Output the listing below exactly, minus its images.

**INFORMATION PROVIDED:**
============
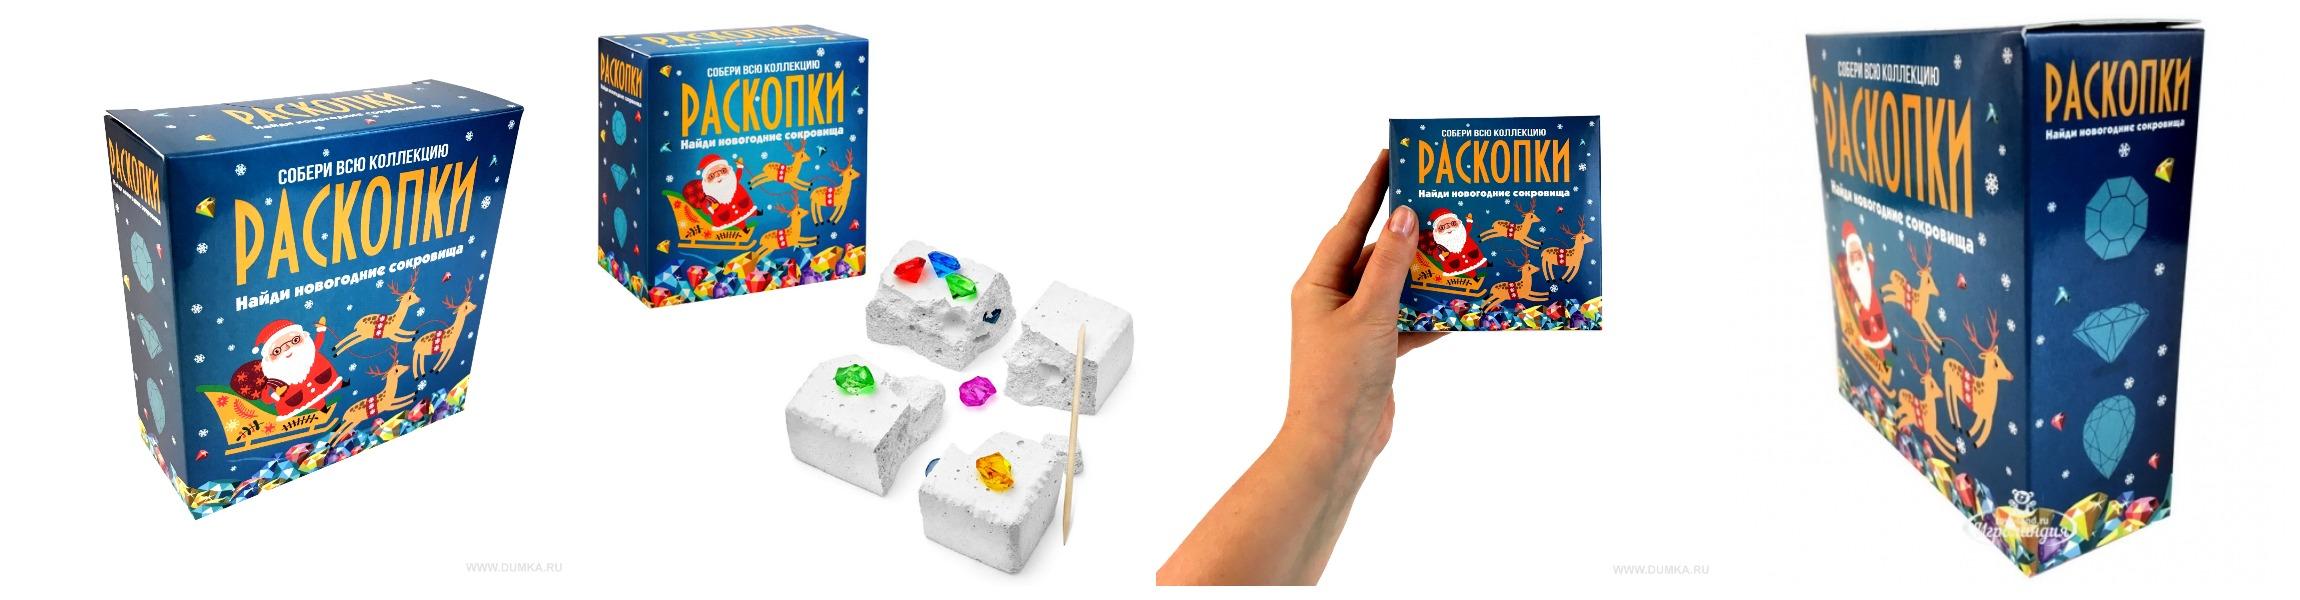 новогодние наборы для творчества - новогодние раскопки
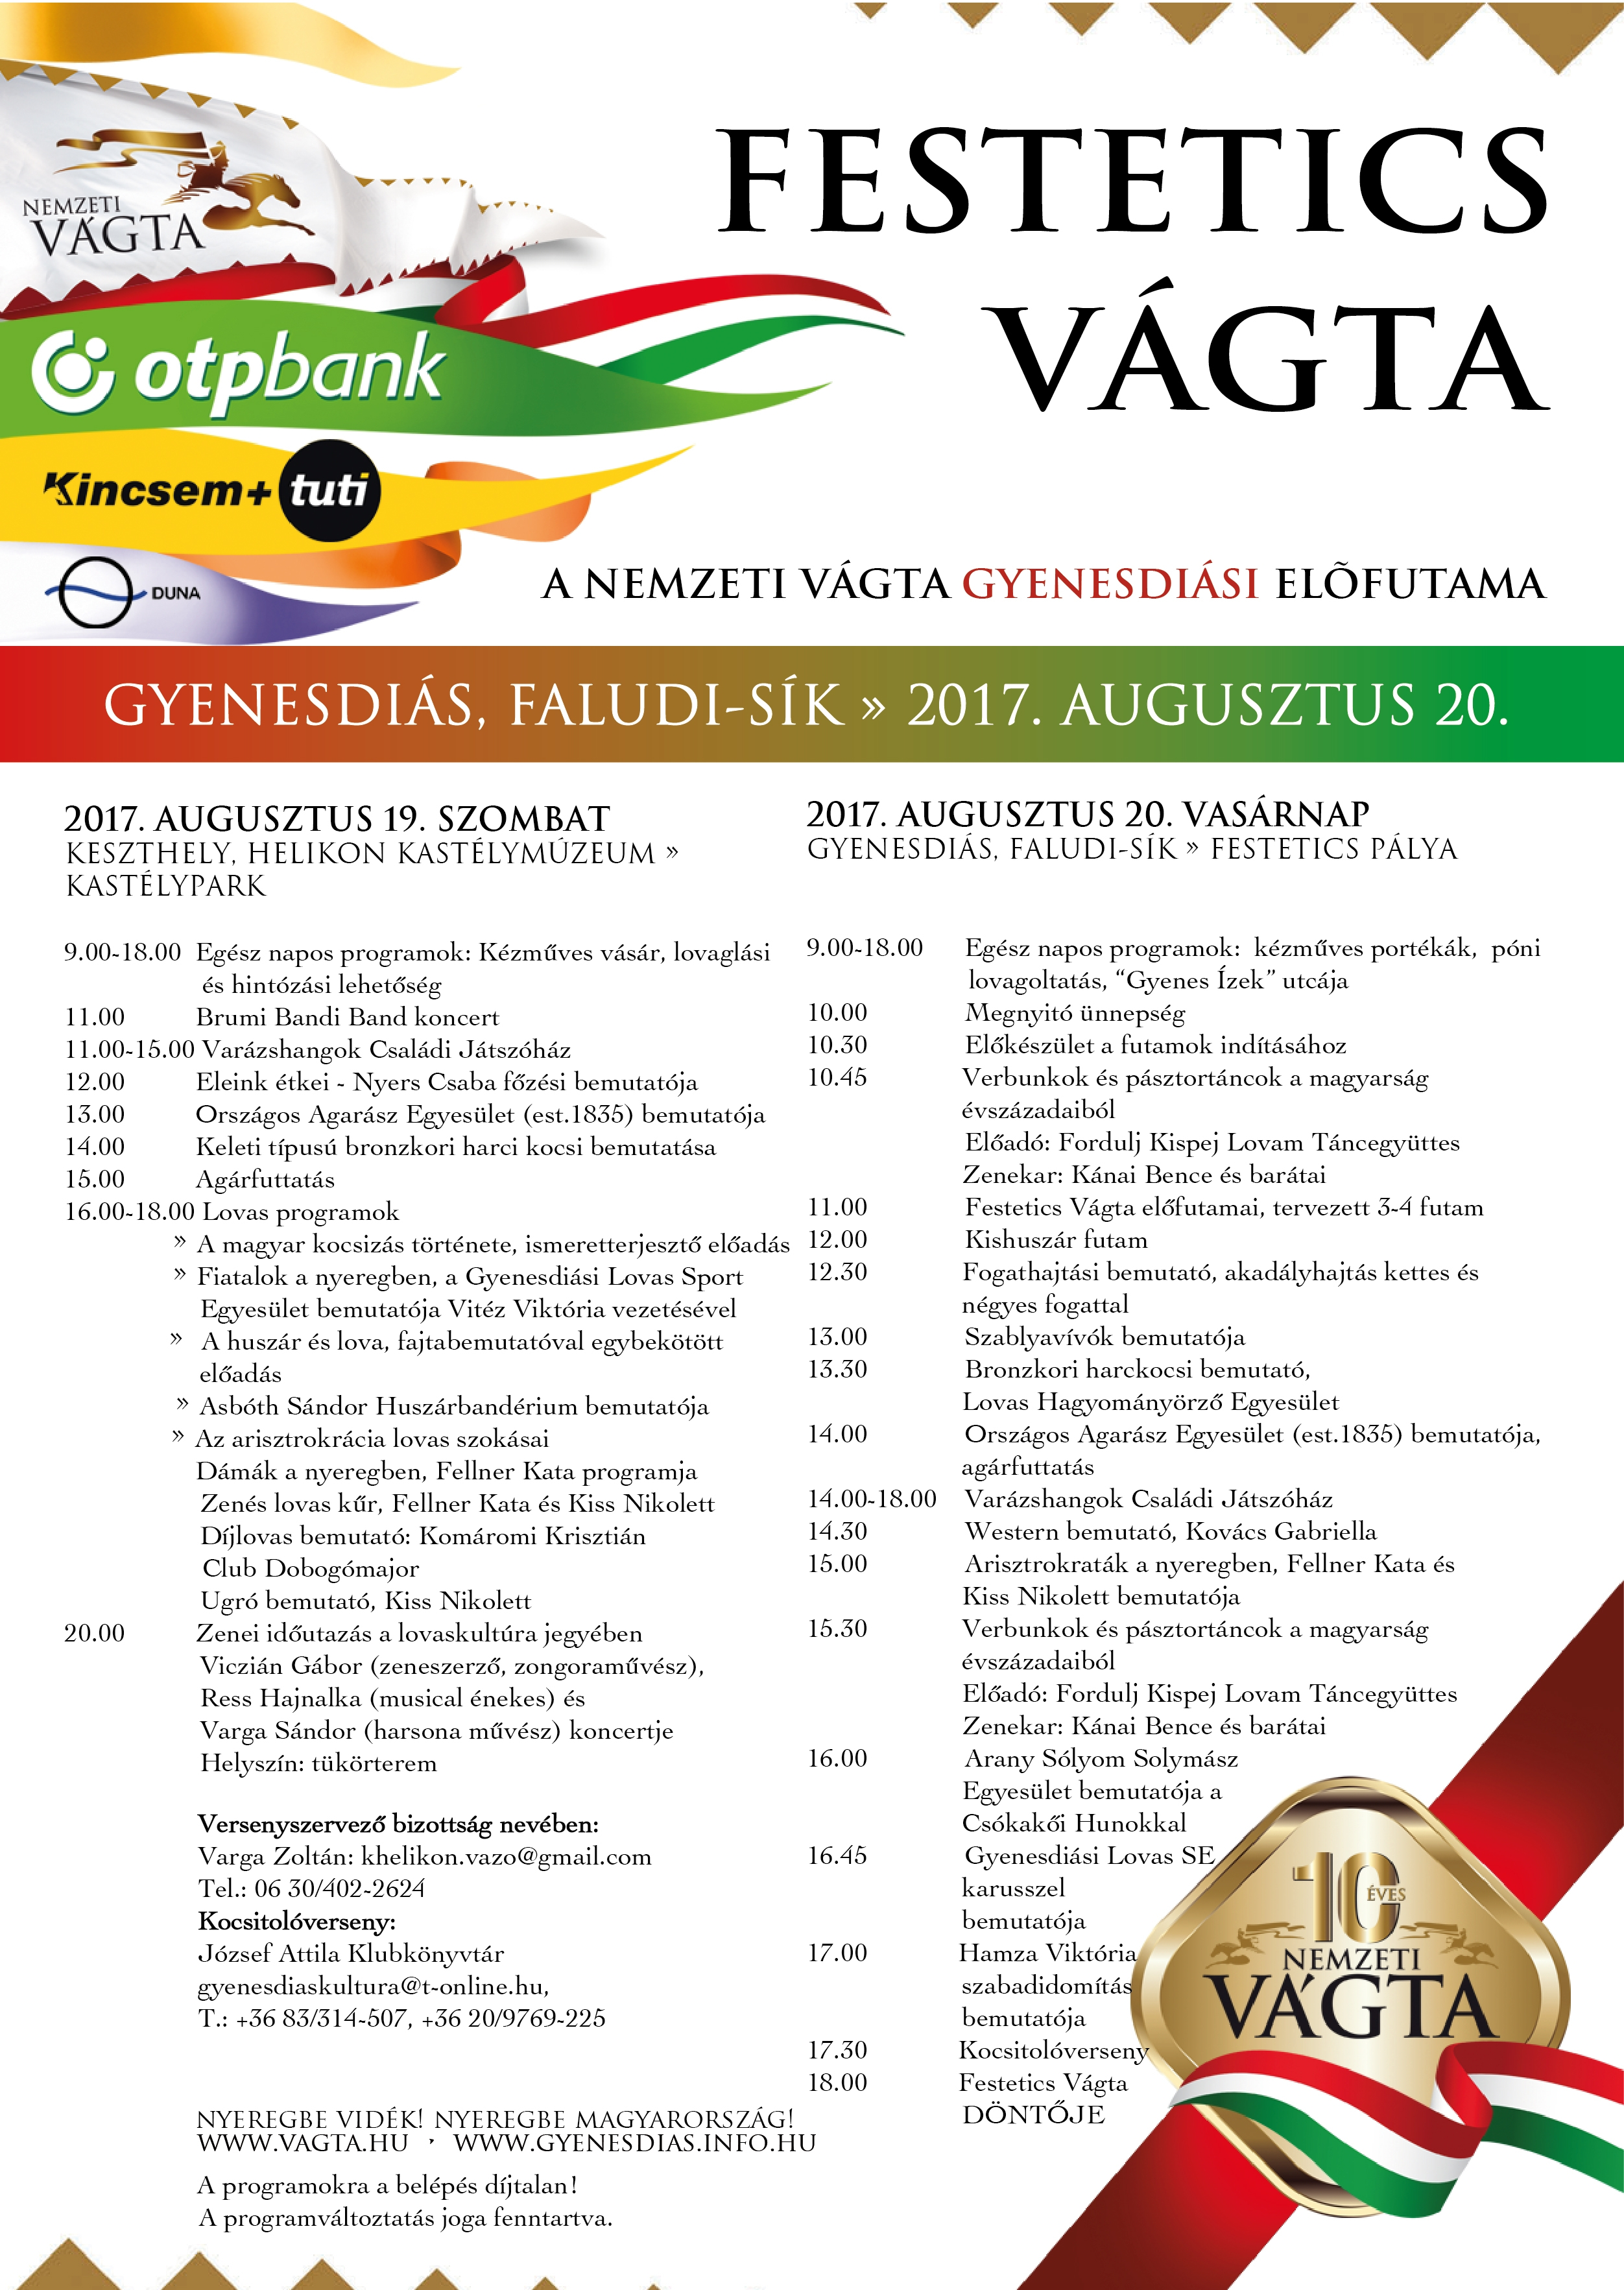 Festetics Vágta_plakát_2017 (2)_ONLINE 3-01
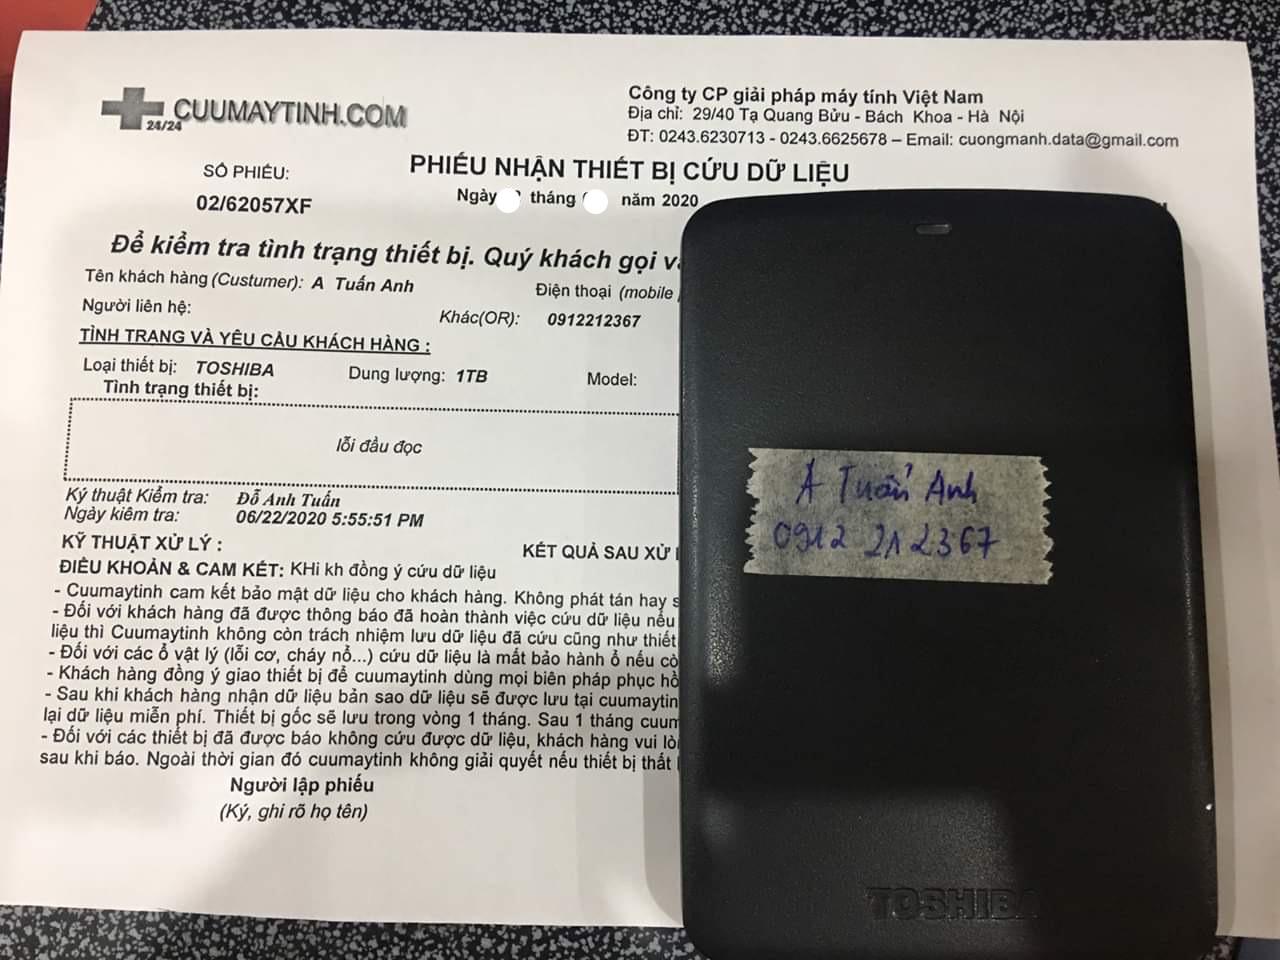 Khôi phục dữ liệu ổ cứng Toshiba 1TB lỗi đầu đọc 01/07/2020 - cuumaytinh
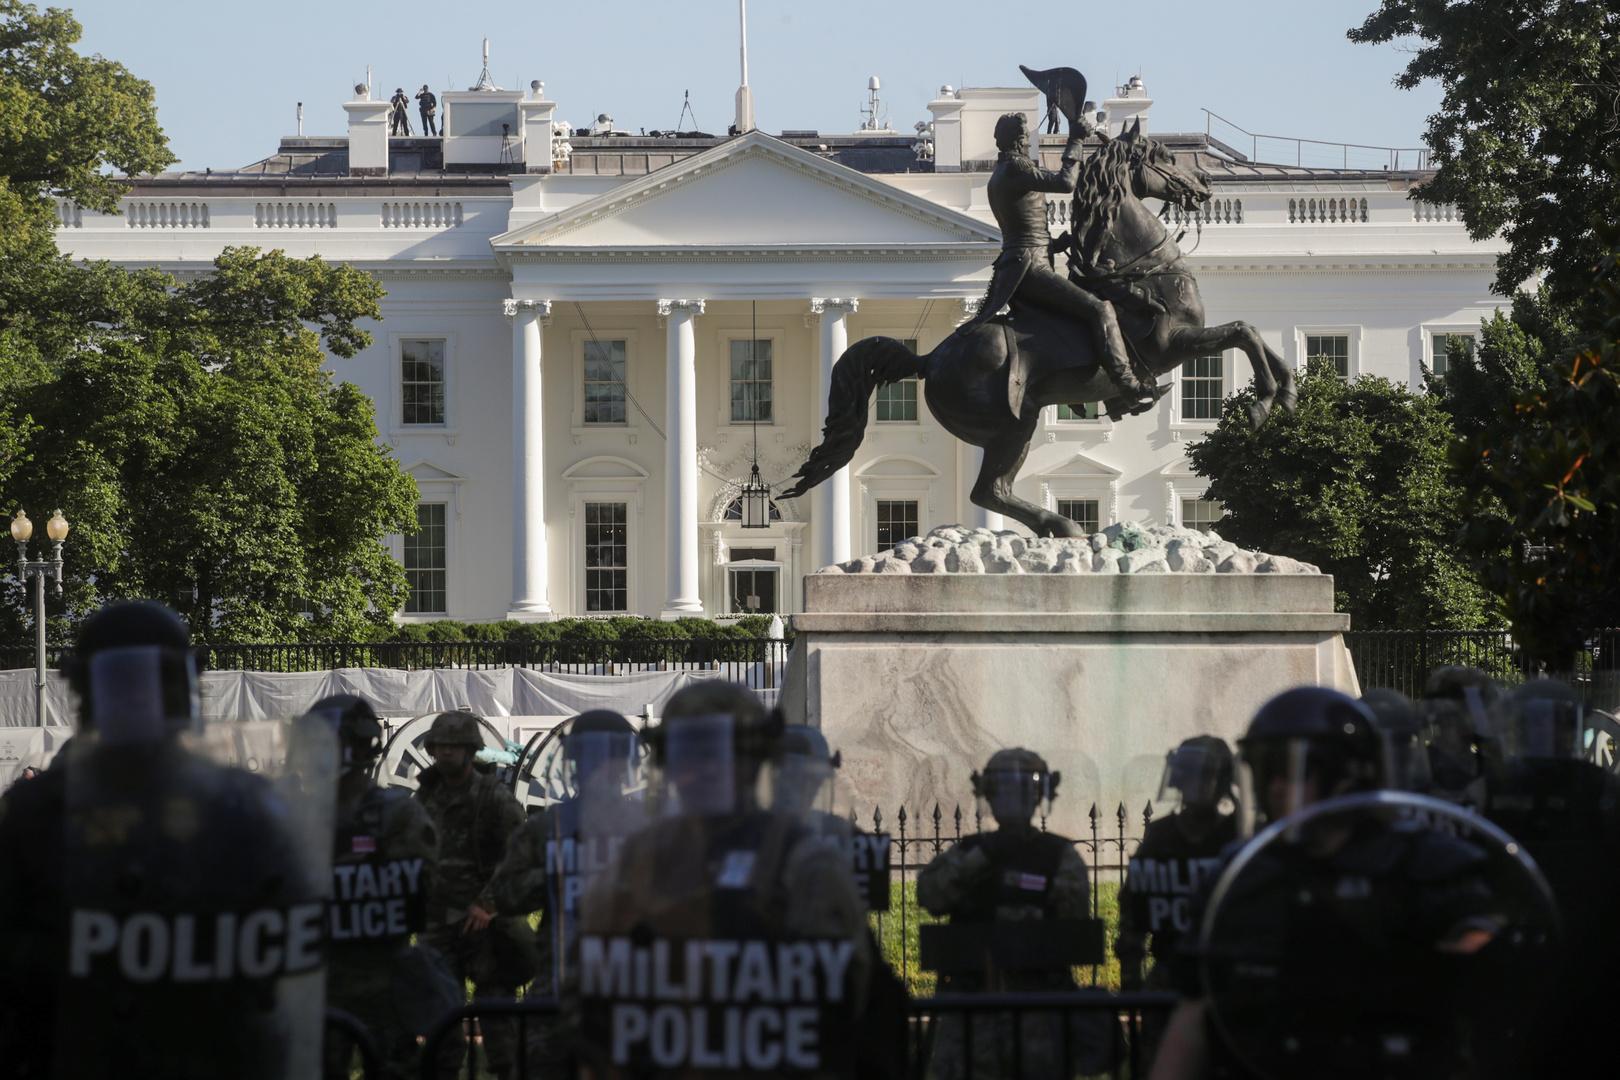 البنتاغون ينقل وحدات من القوات المسلحة إلى منطقة العاصمة واشنطن
============
**TASK RESULT:**
 новогодние наборы для творчества - новогодние раскопки
 Festetics Vágta_plakát_2017 (2)_ONLINE 3-01
 Khôi phục dữ liệu ổ cứng Toshiba 1TB lỗi đầu đọc 01/07/2020 - cuumaytinh
 البنتاغون ينقل وحدات من القوات المسلحة إلى منطقة العاصمة واشنطن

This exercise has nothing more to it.